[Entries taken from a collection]
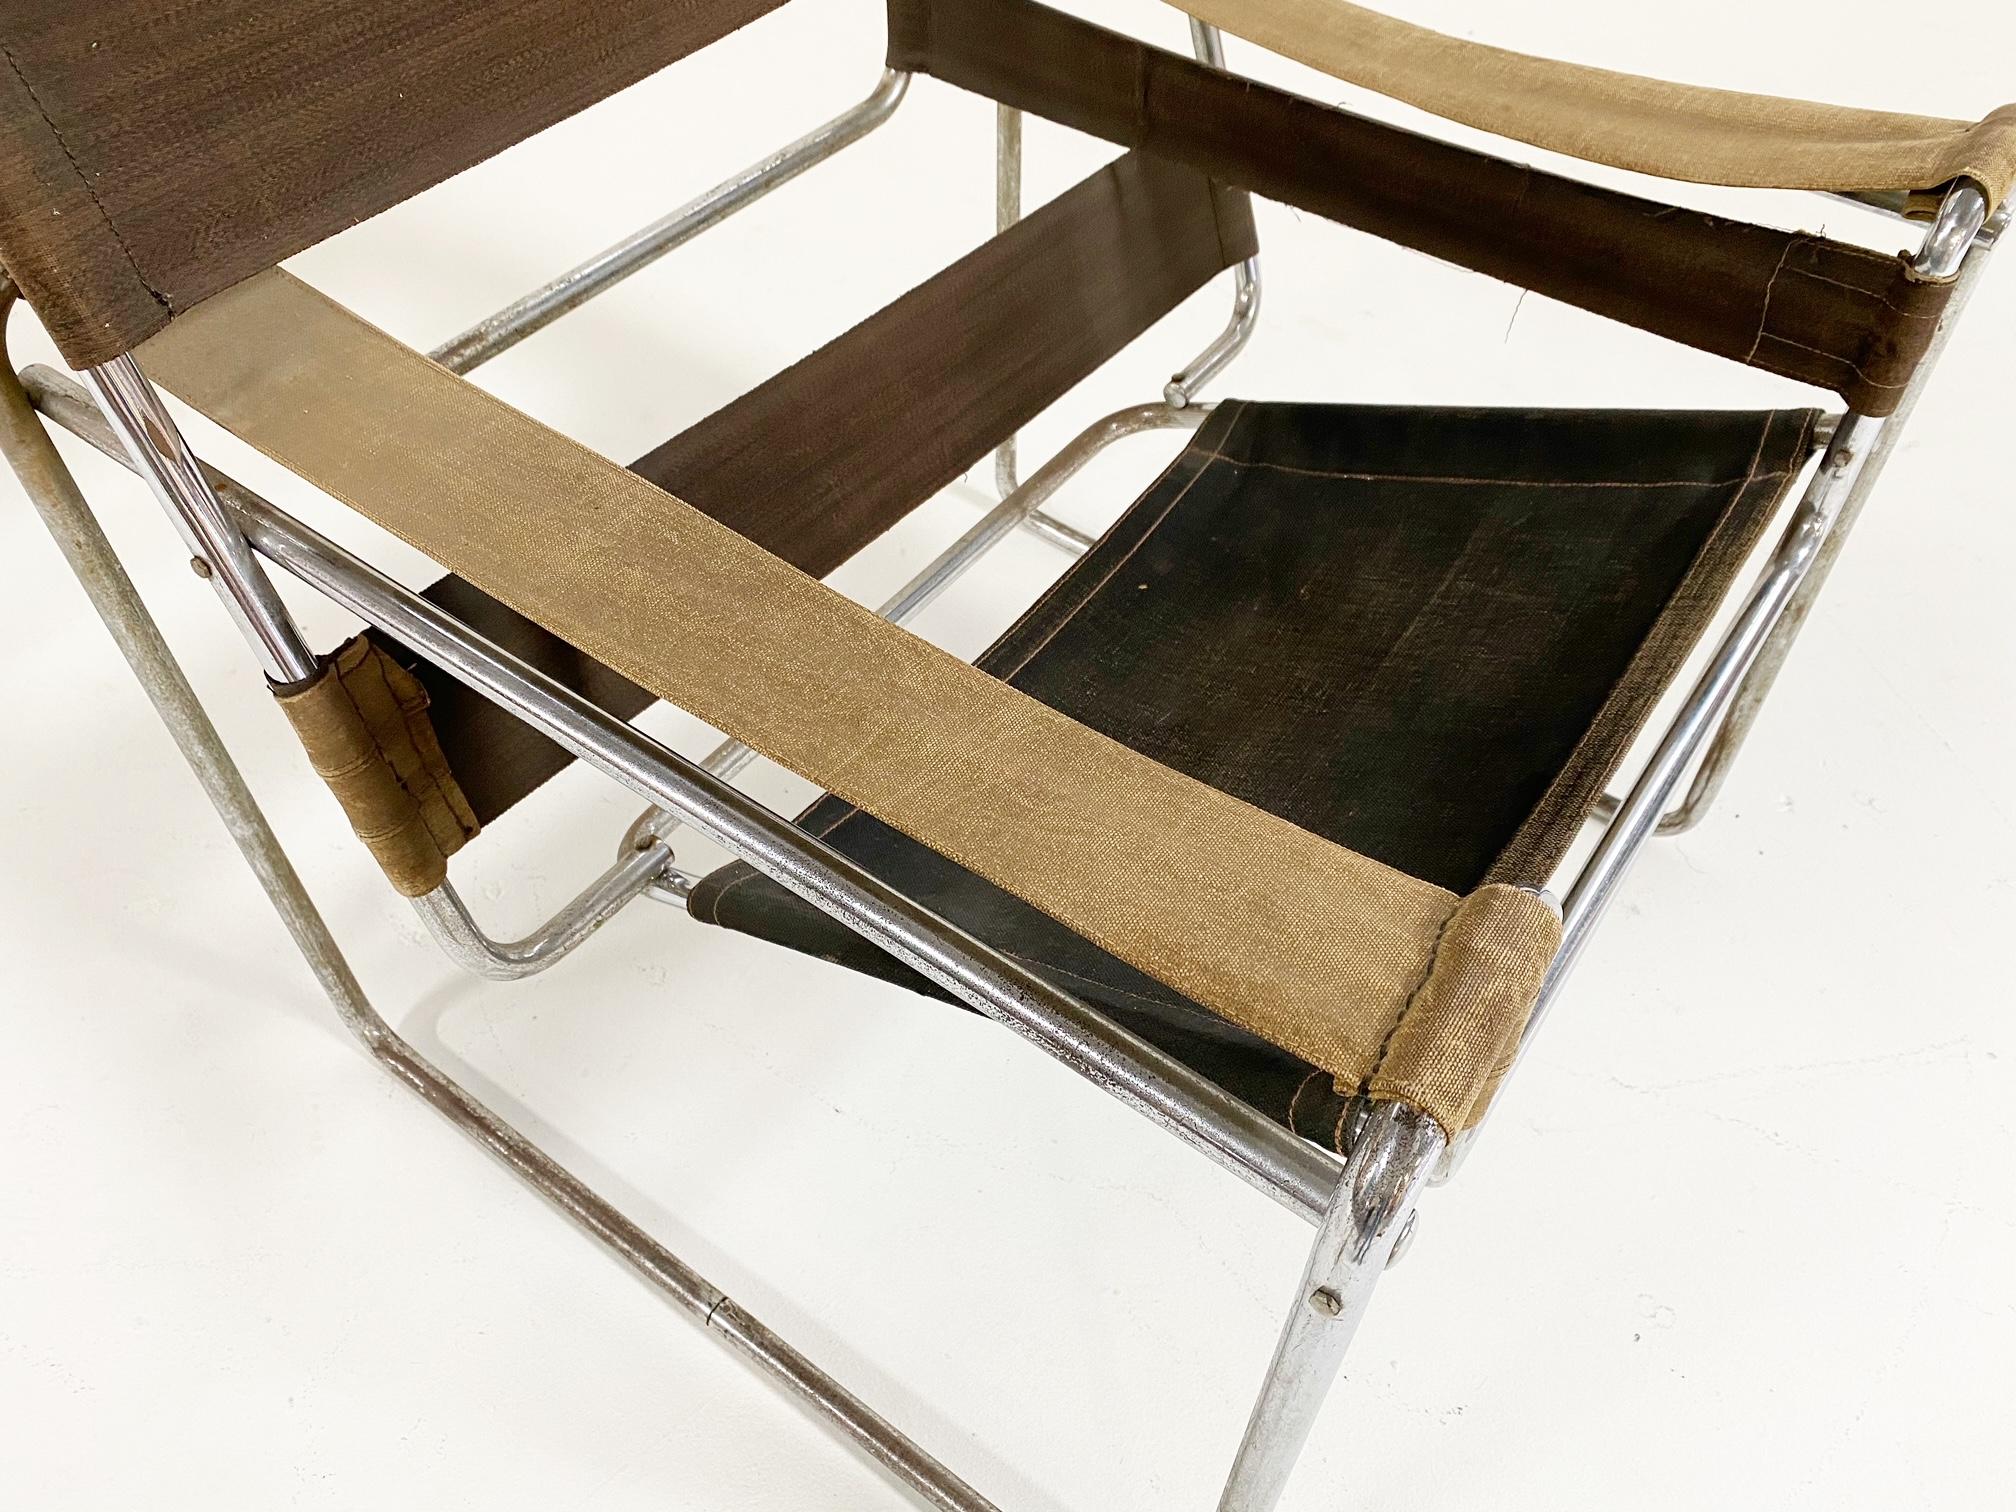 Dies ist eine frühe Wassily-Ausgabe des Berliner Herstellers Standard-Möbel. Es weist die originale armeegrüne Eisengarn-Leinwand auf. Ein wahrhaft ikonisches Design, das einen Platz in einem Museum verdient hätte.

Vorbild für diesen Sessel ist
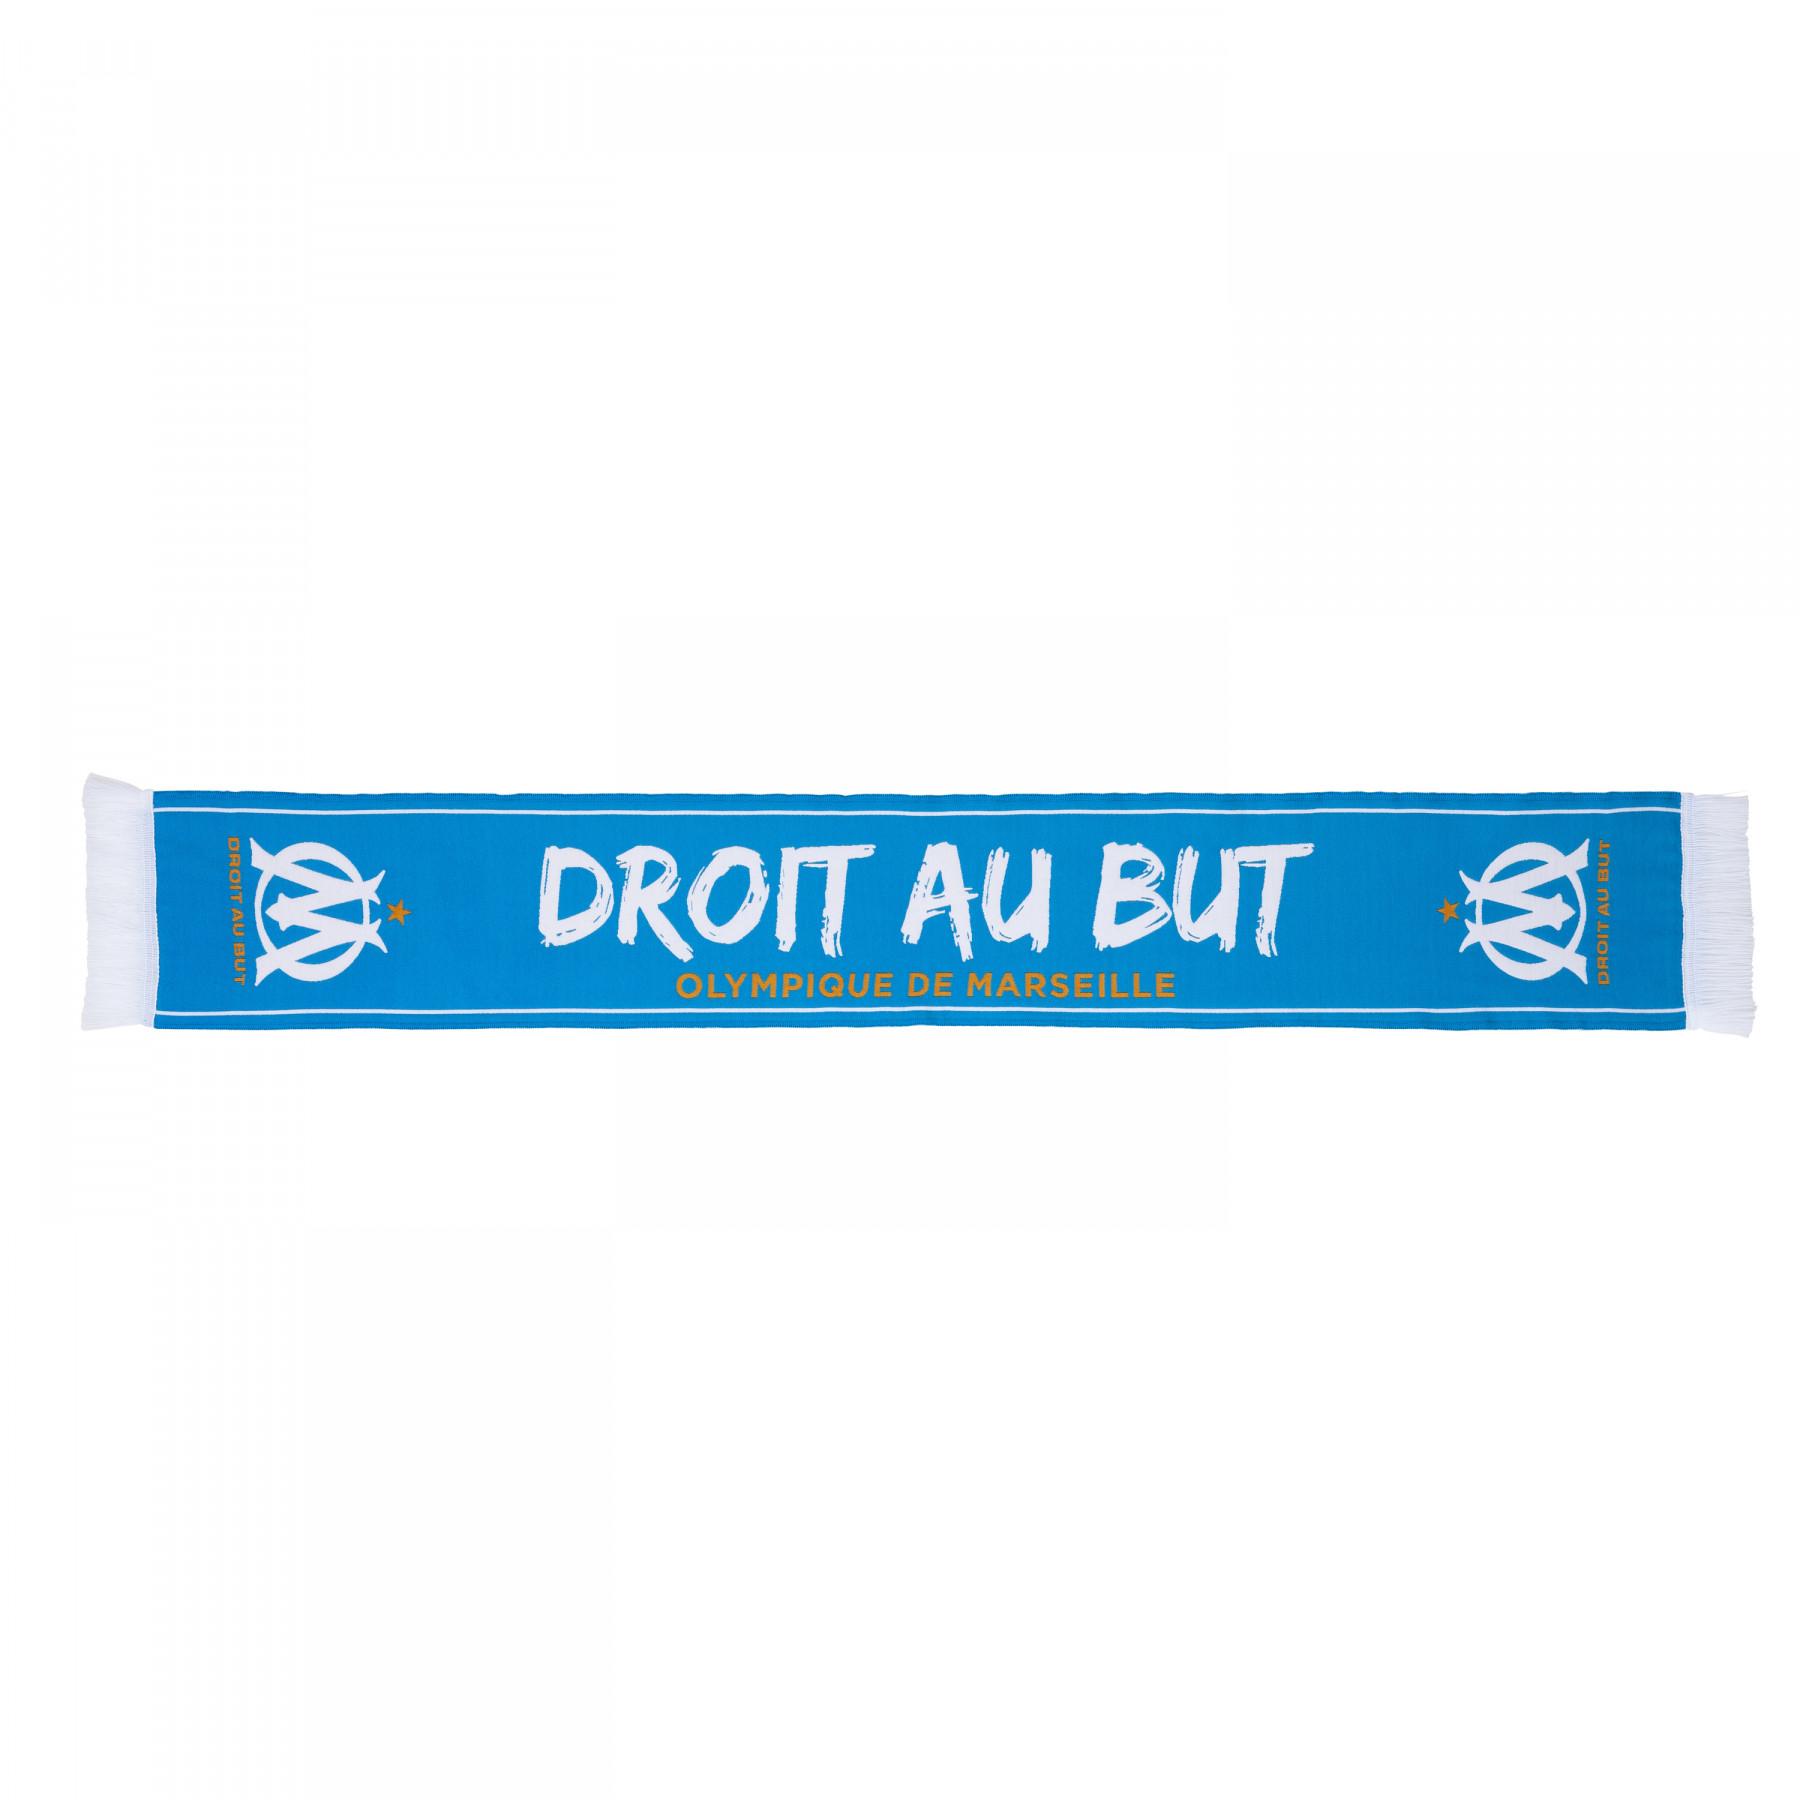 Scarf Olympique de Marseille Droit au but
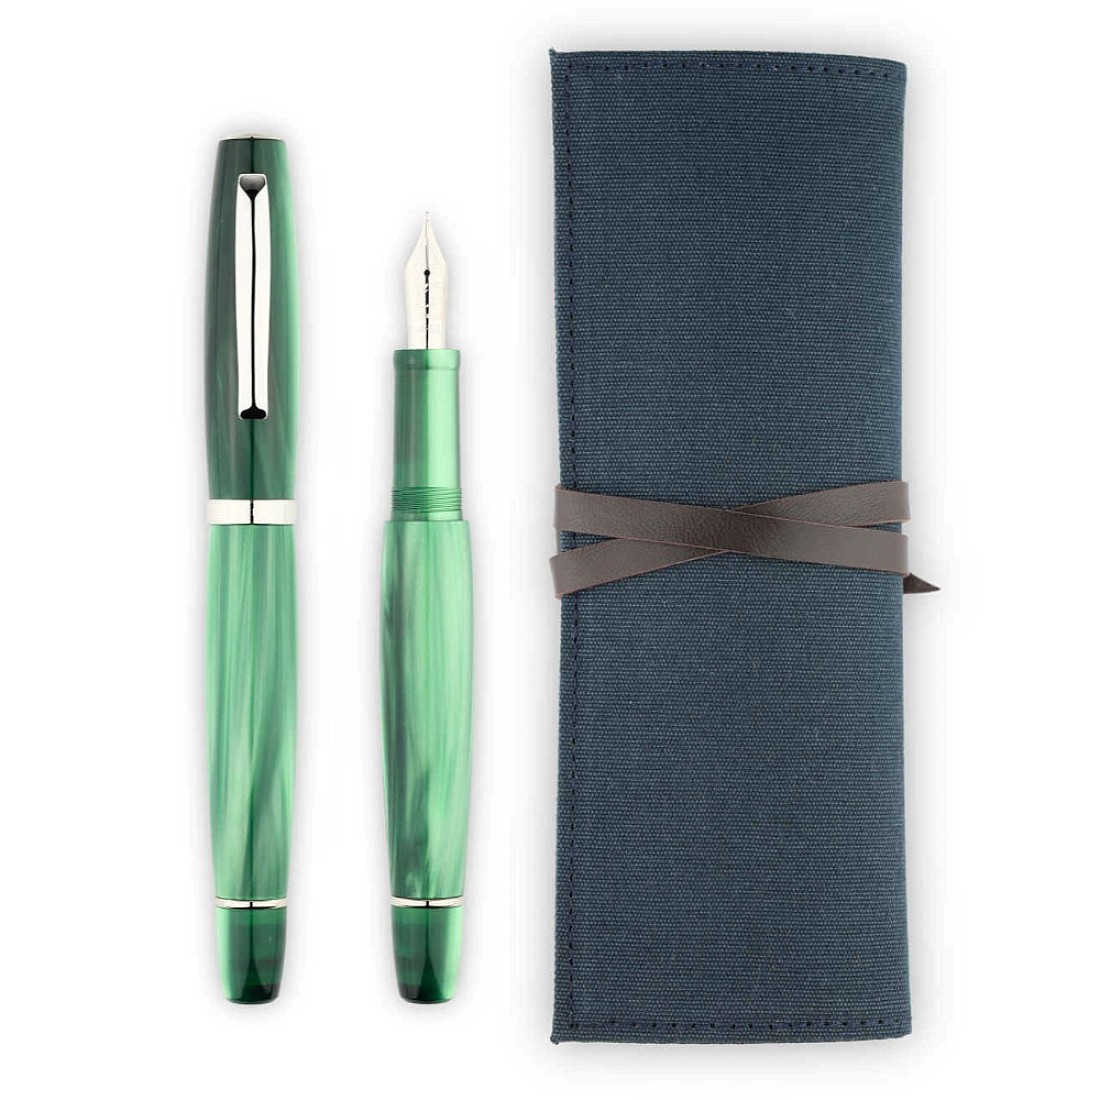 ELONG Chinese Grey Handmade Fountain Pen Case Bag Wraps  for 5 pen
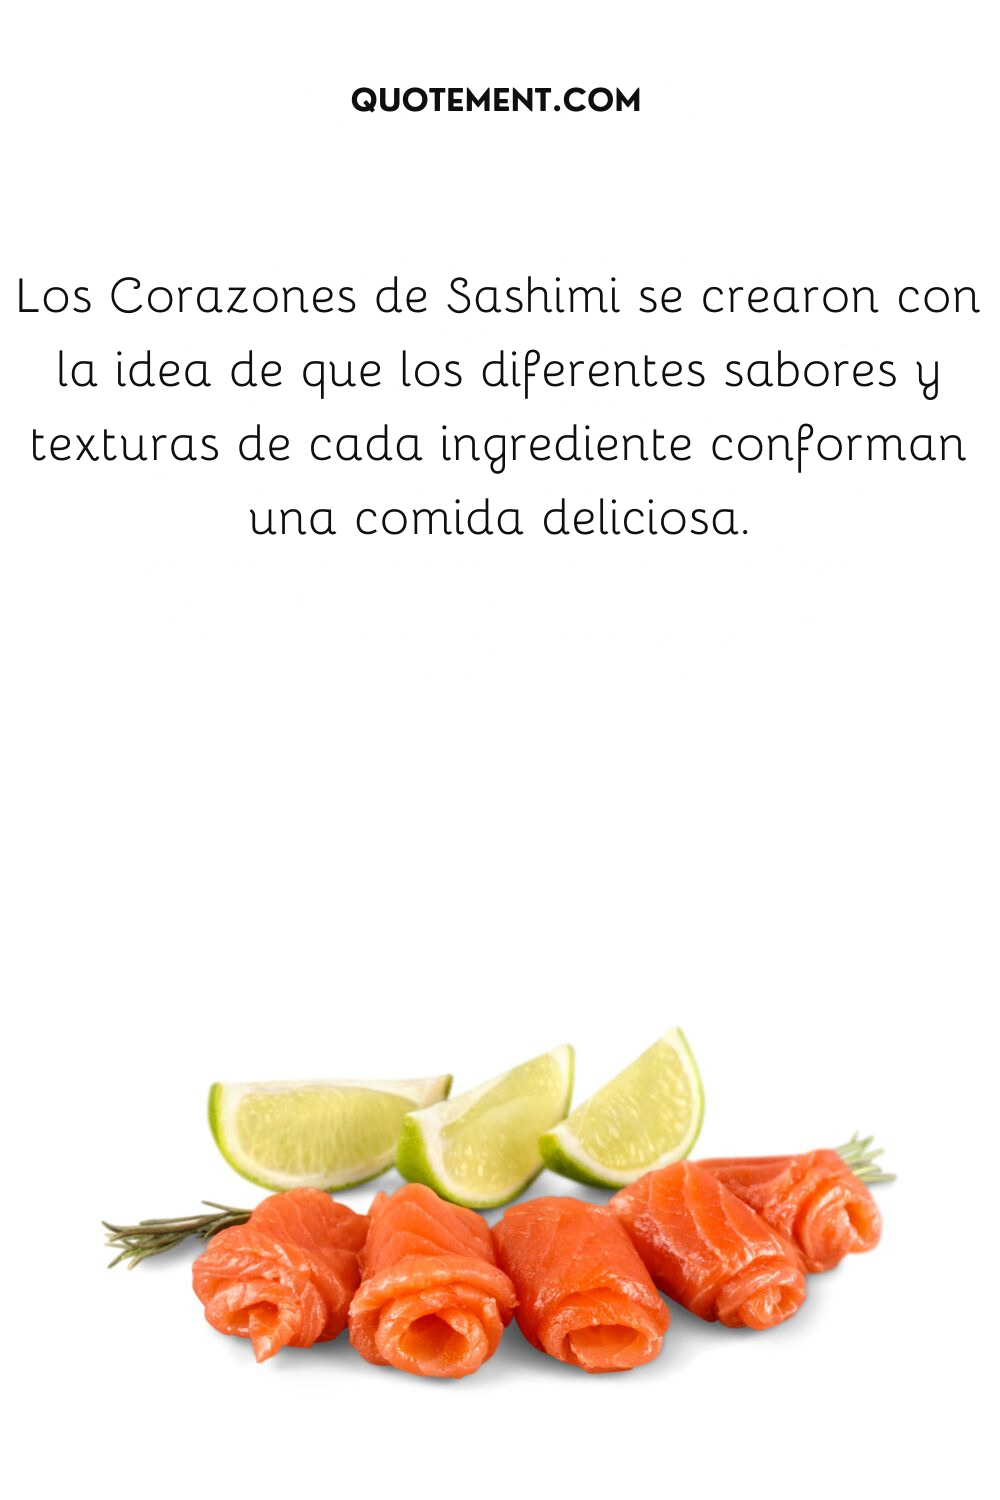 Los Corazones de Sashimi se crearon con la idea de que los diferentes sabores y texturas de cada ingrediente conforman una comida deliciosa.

Try it: A verbatim copy of the data, free of pictures, is the expected answer.

Answer space:
 Dies ist eine frühe Wassily-Ausgabe des Berliner Herstellers Standard-Möbel. Es weist die originale armeegrüne Eisengarn-Leinwand auf. Ein wahrhaft ikonisches Design, das einen Platz in einem Museum verdient hätte.

Vorbild für diesen Sessel ist
 Scarf Olympique de Marseille Droit au but
 ELONG Chinese Grey Handmade Fountain Pen Case Bag Wraps  for 5 pen
 Los Corazones de Sashimi se crearon con la idea de que los diferentes sabores y texturas de cada ingrediente conforman una comida deliciosa.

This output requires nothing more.